Assignment ->
None of the images should appear in your copy. Transcribe the data in full.

Information provided ->
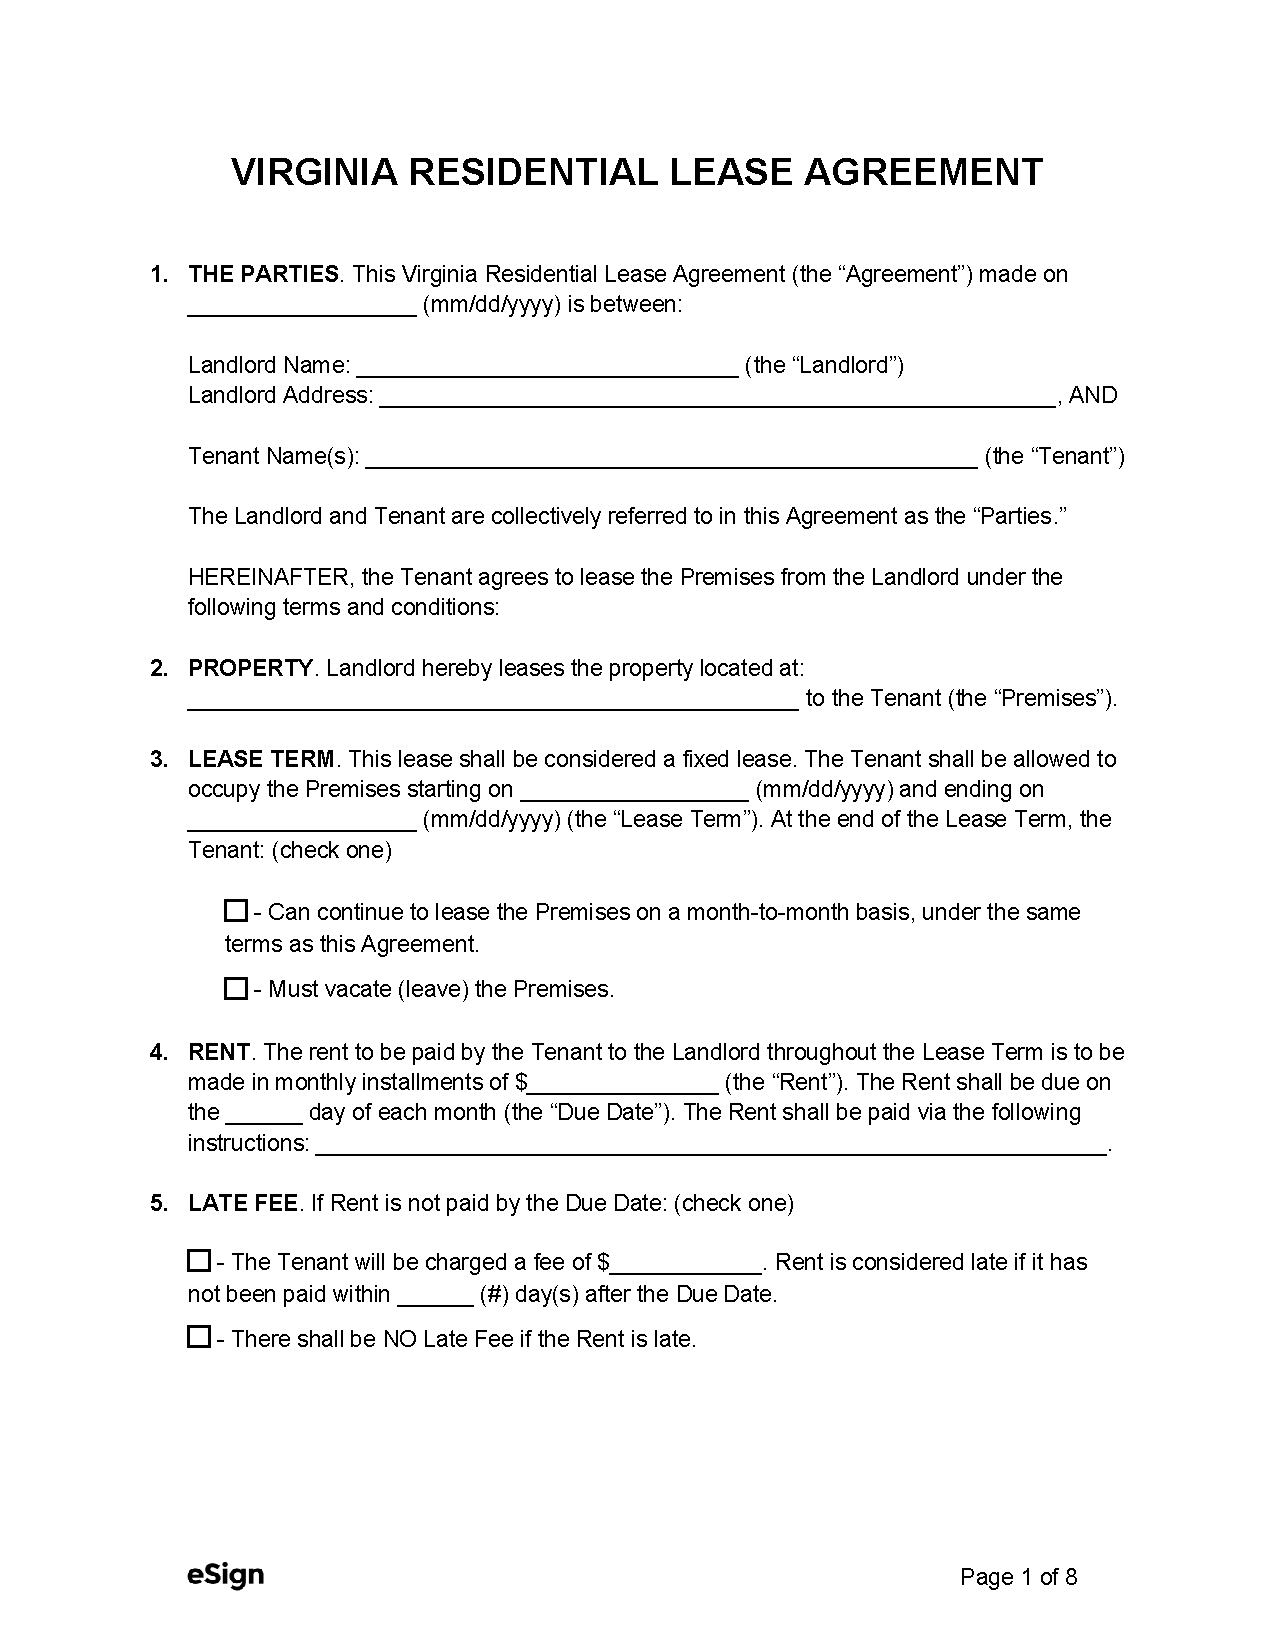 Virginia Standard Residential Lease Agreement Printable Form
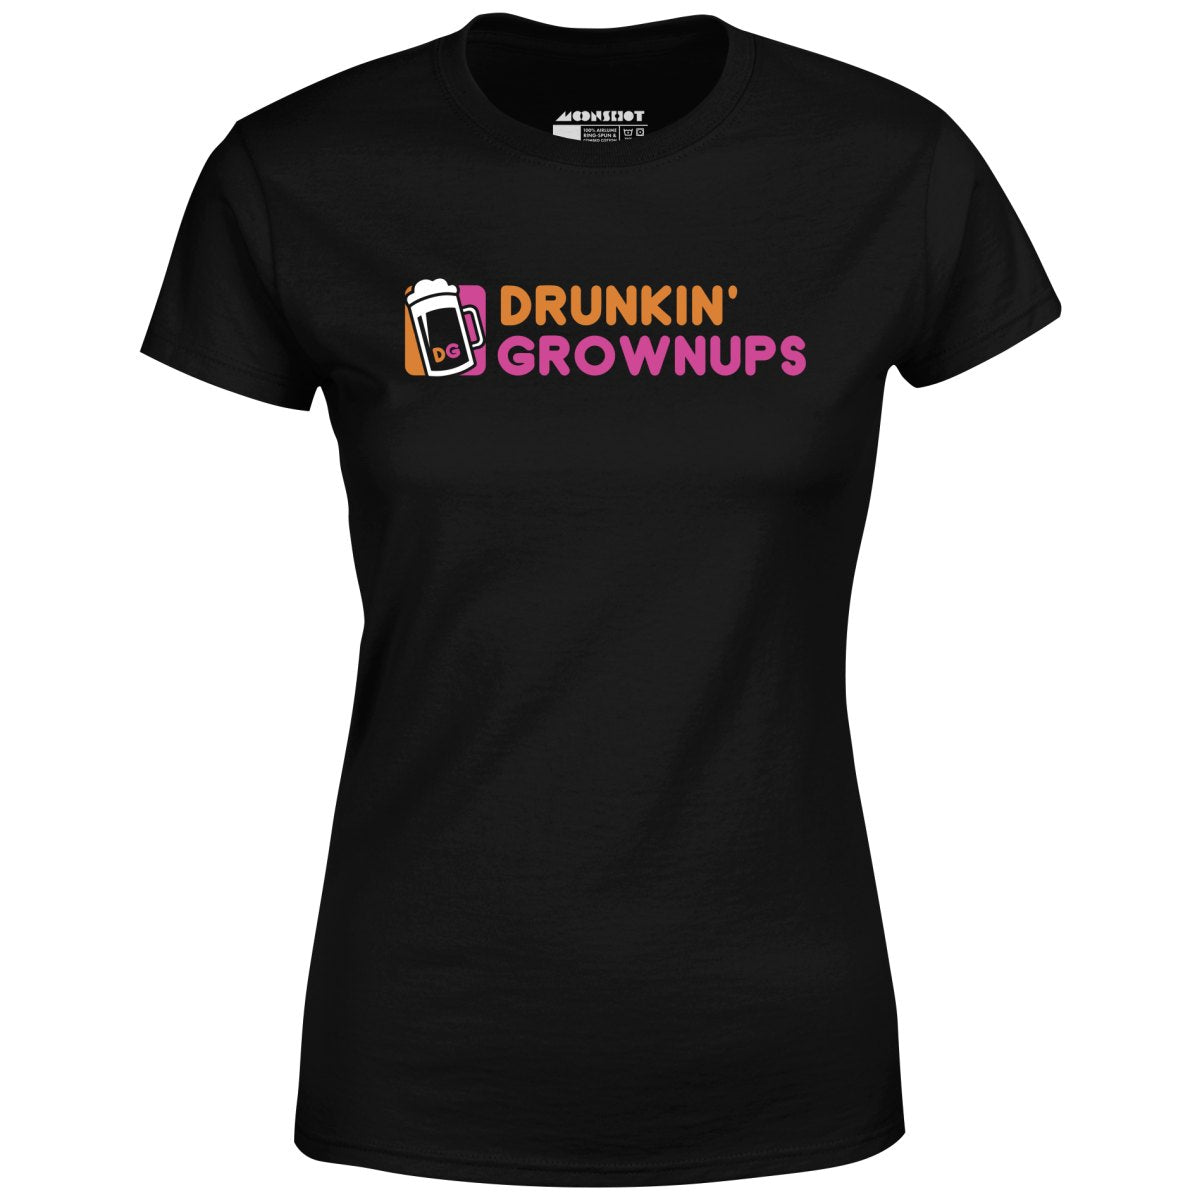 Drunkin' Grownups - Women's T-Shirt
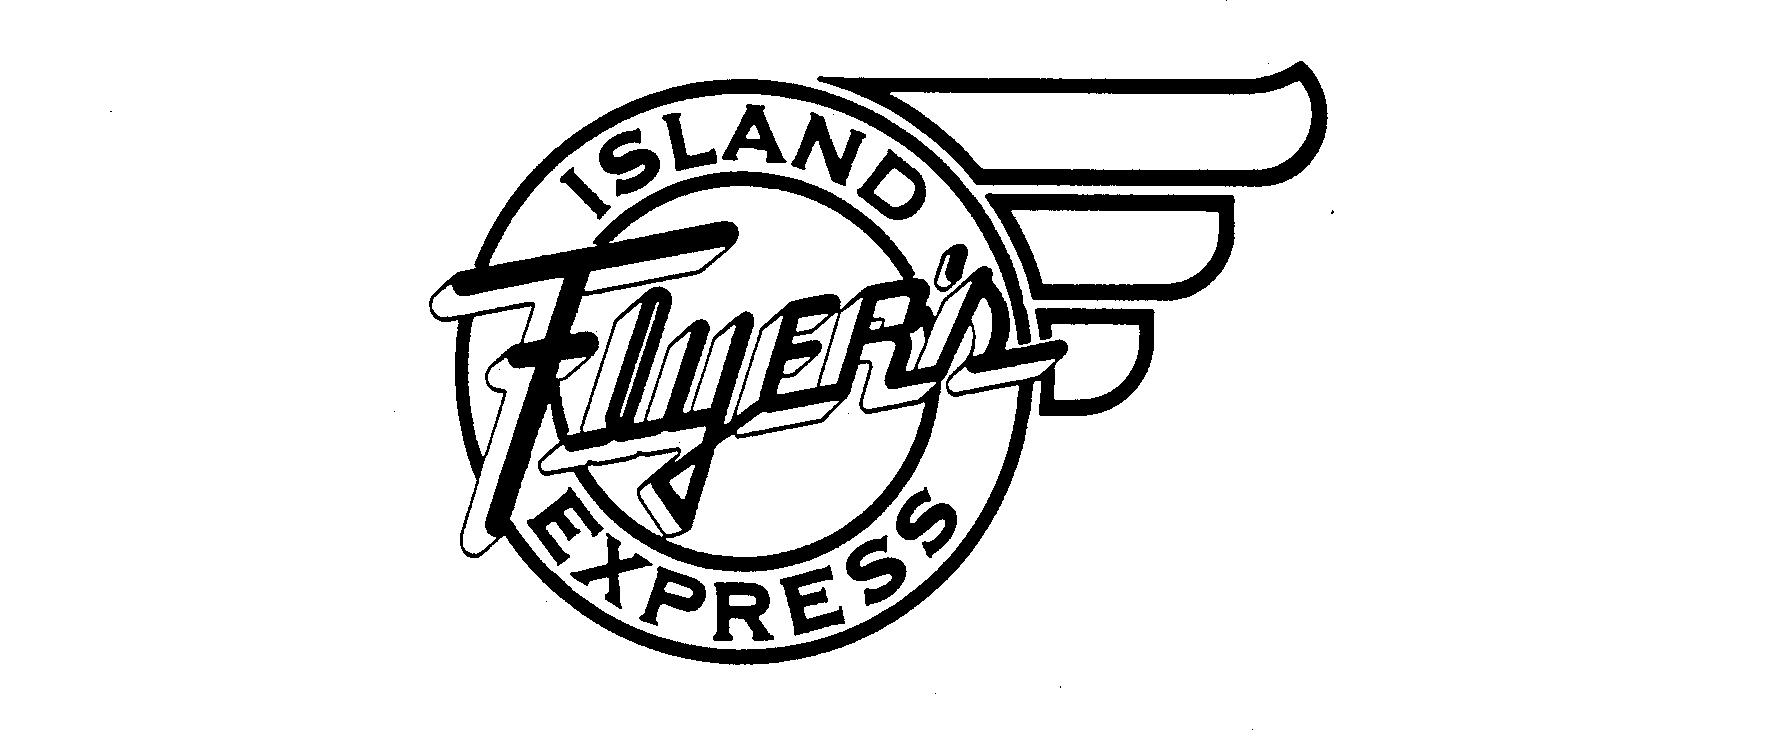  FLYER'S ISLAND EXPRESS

Result of the task ->
 Virginia Standard Residential Lease Agreement Printable Form
 Drunkin' Grownups - Women's T-Shirt
  FLYER'S ISLAND EXPRESS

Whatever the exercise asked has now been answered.